Good data scientists adhere to the garbage in, garbage out view of the world.

The data assessment and evaluation is a crucial stage for any Data Science project. During this stage you will verify:
- Data availability
- Data completion
- Data processing requirements
- Data usefulness

As you start to verify the prediction of resting and active activities given the available information, you have already started to do such verifications.

After another round of meetings, you gain access to a data set of an experiment the developers performed. That experiment involved 30 people (subjects), performing 6 activities (Walking, Walking upstairs, Walking downstairs, Sitting, Standing, and Lying). The features in this experiment are the result of data transformations on the gyroscope and accelerometer output.

With this data set you know that you won't be able to predict:
- Running
- Cycling
- Lying while sleeping
- Driving


In [1]:
%matplotlib inline
import collections
import os, requests, zipfile, io
import numpy as np
import pandas as pd
from itertools import islice
import plotly.graph_objs as go
import plotly.plotly as py
import pandas as pd
import matplotlib.pyplot as plt
import pprint as pp
from pandas.tools.plotting import scatter_matrix
import eda_functions
from IPython.display import Image

if not os.path.isdir('./Data/UCI HAR Dataset/'):
    HAR_URL = 'https://archive.ics.uci.edu/ml/machine-learning-databases/00240/UCI%20HAR%20Dataset.zip'
    req = requests.get(HAR_URL)
    compressed = zipfile.ZipFile(io.BytesIO(req.content))
    compressed.extractall('./Data/')

## Confirm the provided information (Audit)

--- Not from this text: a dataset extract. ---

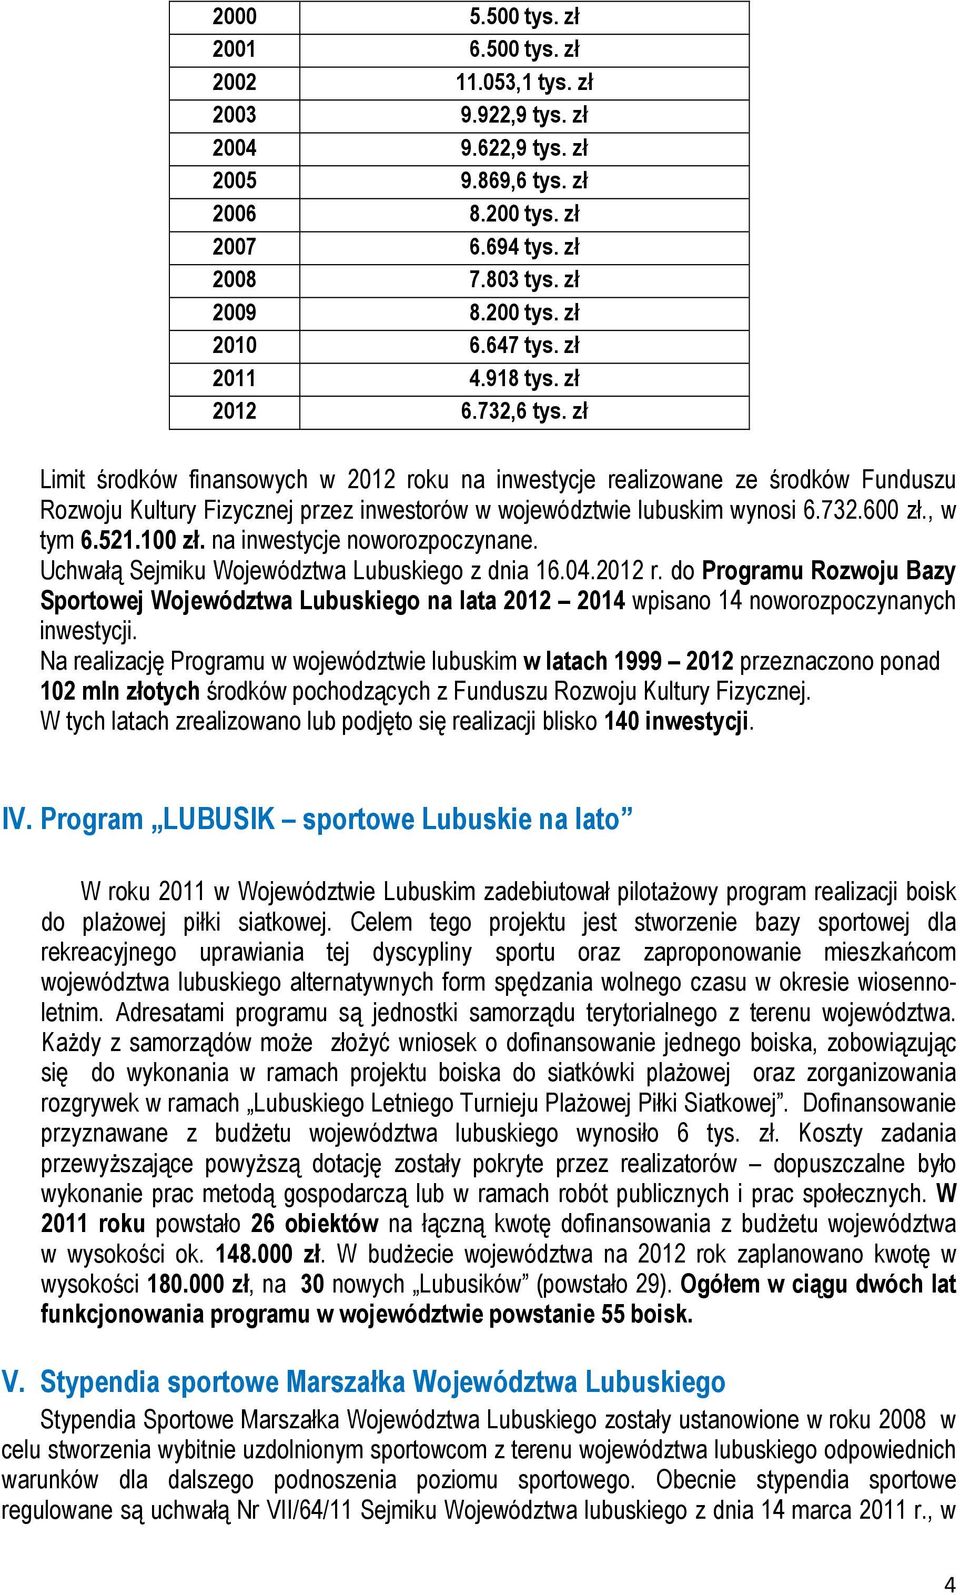 zł Limit środków finansowych w 2012 roku na inwestycje realizowane ze środków Funduszu Rozwoju Kultury Fizycznej przez inwestorów w województwie lubuskim wynosi 6.732.600 zł., w tym 6.521.100 zł.

The data was manipulated, which may lead to several errors. These errors might be present in the form of:
- Misclassification (e.g. of the activities, the subjects, or the data)
- Incompleteness
- Incoherence (e.g. date format “YYYY-mm-DD HH:MM:SS” where “SS” (seconds) is over 60)
- Errors in using statistics (e.g. like the mean or in other transformations)

Due to:
- Dataset versioning (e.g. we’ve been provided with outdated information)
- Language and terminology discrepancies
- Undocumented manipulations
- Data format mismatch


### Explore within the files, folder structure and content
Take a look at the directories to see what is happening. Use `os.listdir(<directory>)` to see what is in the recently created “UCI HAR Dataset” directory.

Use the `pprint` or `print` functions to see the output.

In [2]:
print('UCI HAR Dataset')
print(os.listdir('./Data/UCI HAR Dataset/'))
print('TRAIN FOLDER')
print(os.listdir('./Data/UCI HAR Dataset/train'))
print('TEST FOLDER')
print(os.listdir('./Data/UCI HAR Dataset/test'))

UCI HAR Dataset
['.DS_Store', 'activity_labels.txt', 'features.txt', 'features_info.txt', 'README.txt', 'test', 'train']
TRAIN FOLDER
['Inertial Signals', 'subject_train.txt', 'X_train.txt', 'y_train.txt']
TEST FOLDER
['Inertial Signals', 'subject_test.txt', 'X_test.txt', 'y_test.txt']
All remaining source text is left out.